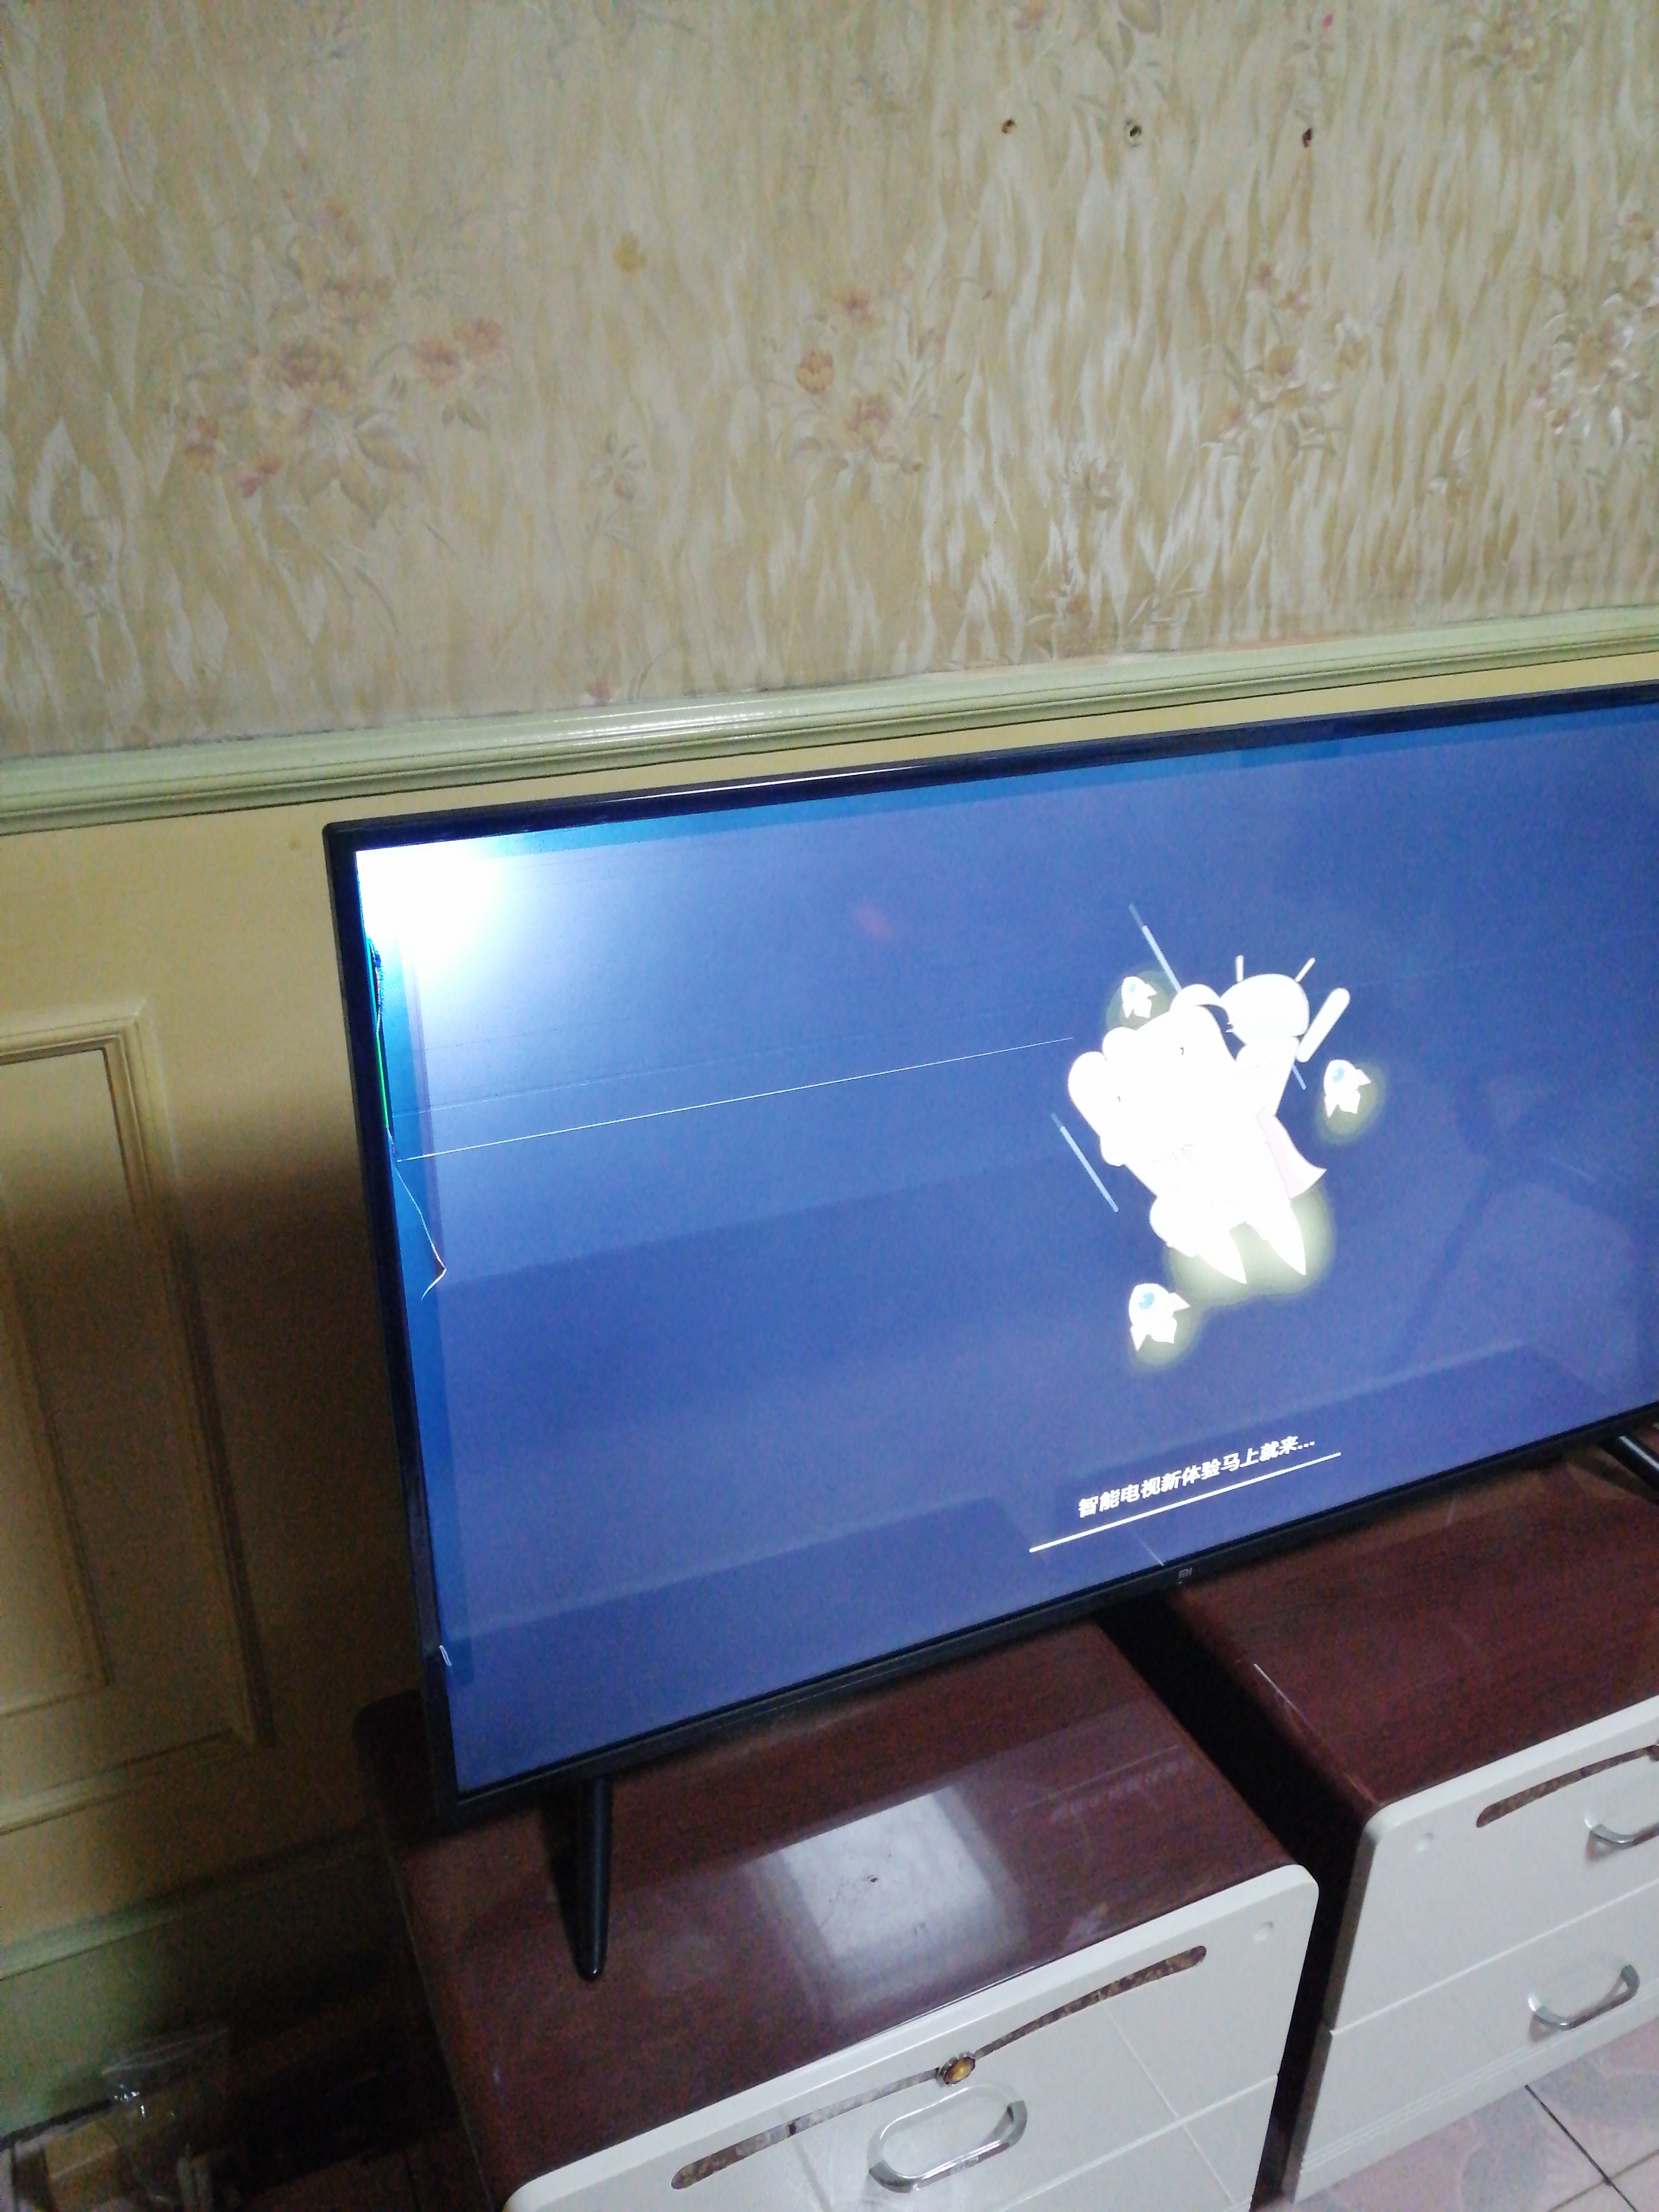 在苏宁易购购买的小米4a50寸电视机内屏破裂,与苏宁易购客服联系后,没
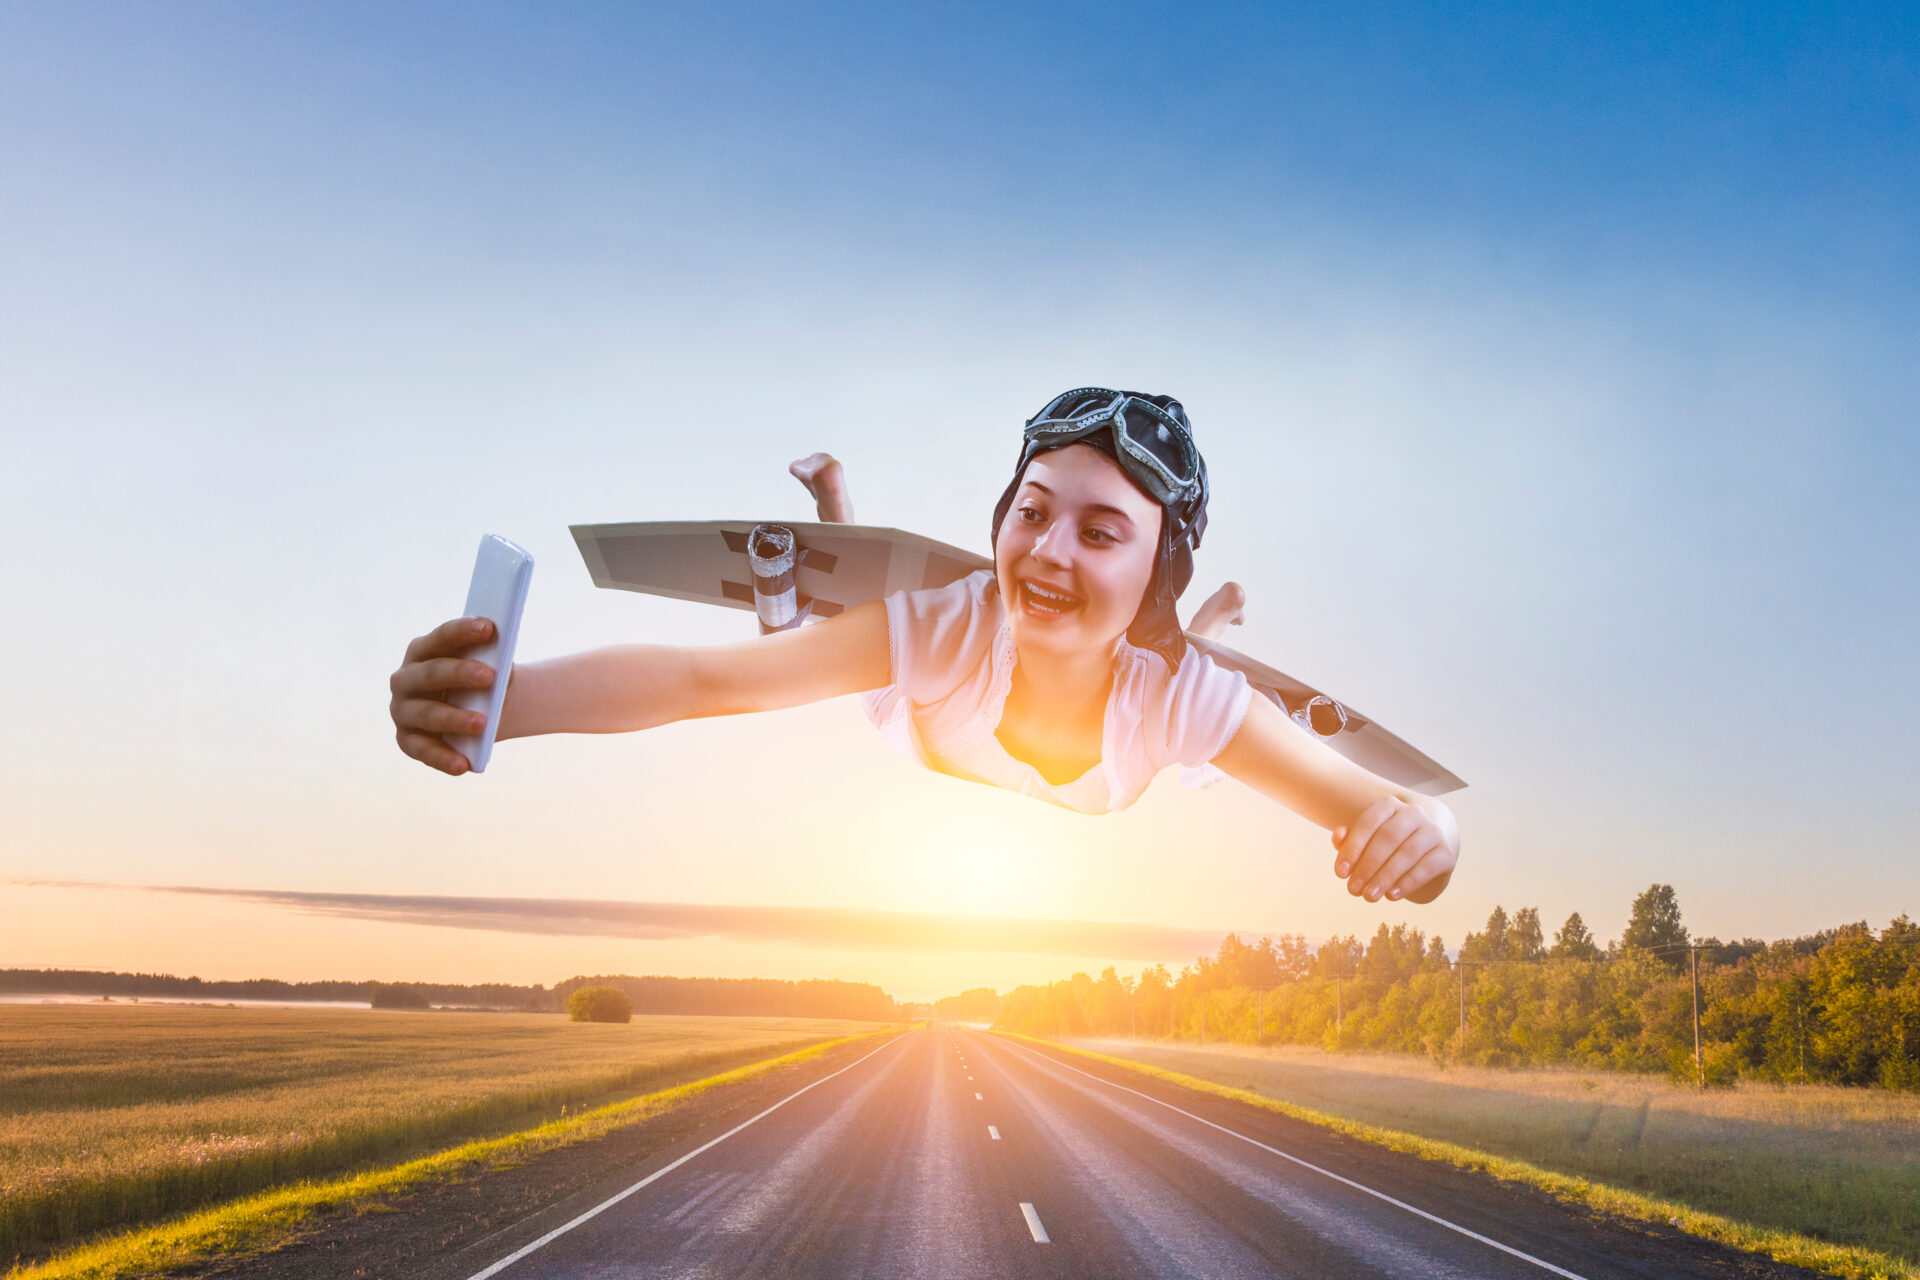 Product Experience Management Title Image: Ein Mädchen fliegt durch die Luft mit selbstgemachten Papierflügeln und macht ein Selfie
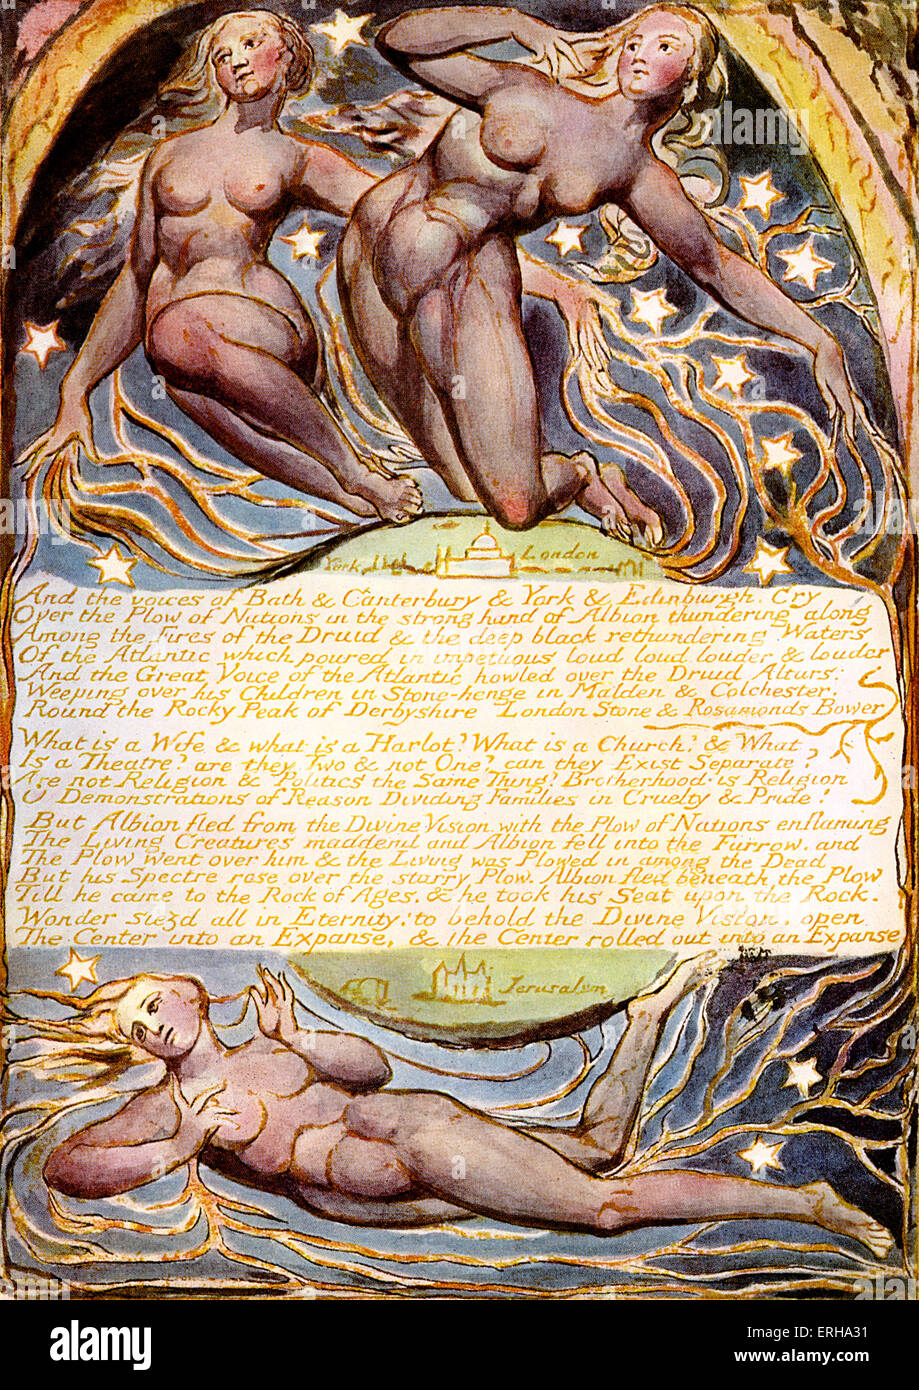 York, a Londra e a Gerusalemme, pagina 57 del poema "Gerusalemme" di William Blake, 1804-1820. Poeta inglese, pittore e incisore: Foto Stock

Exercise description: An exact transcription is requested of each line from the one that holds "Product Experience Management" to the end of the listing above, both boundary lines included; pictures are to be omitted.

Reply:
 Product Experience Management Title Image: Ein Mädchen fliegt durch die Luft mit selbstgemachten Papierflügeln und macht ein Selfie
 York, a Londra e a Gerusalemme, pagina 57 del poema "Gerusalemme" di William Blake, 1804-1820. Poeta inglese, pittore e incisore: Foto Stock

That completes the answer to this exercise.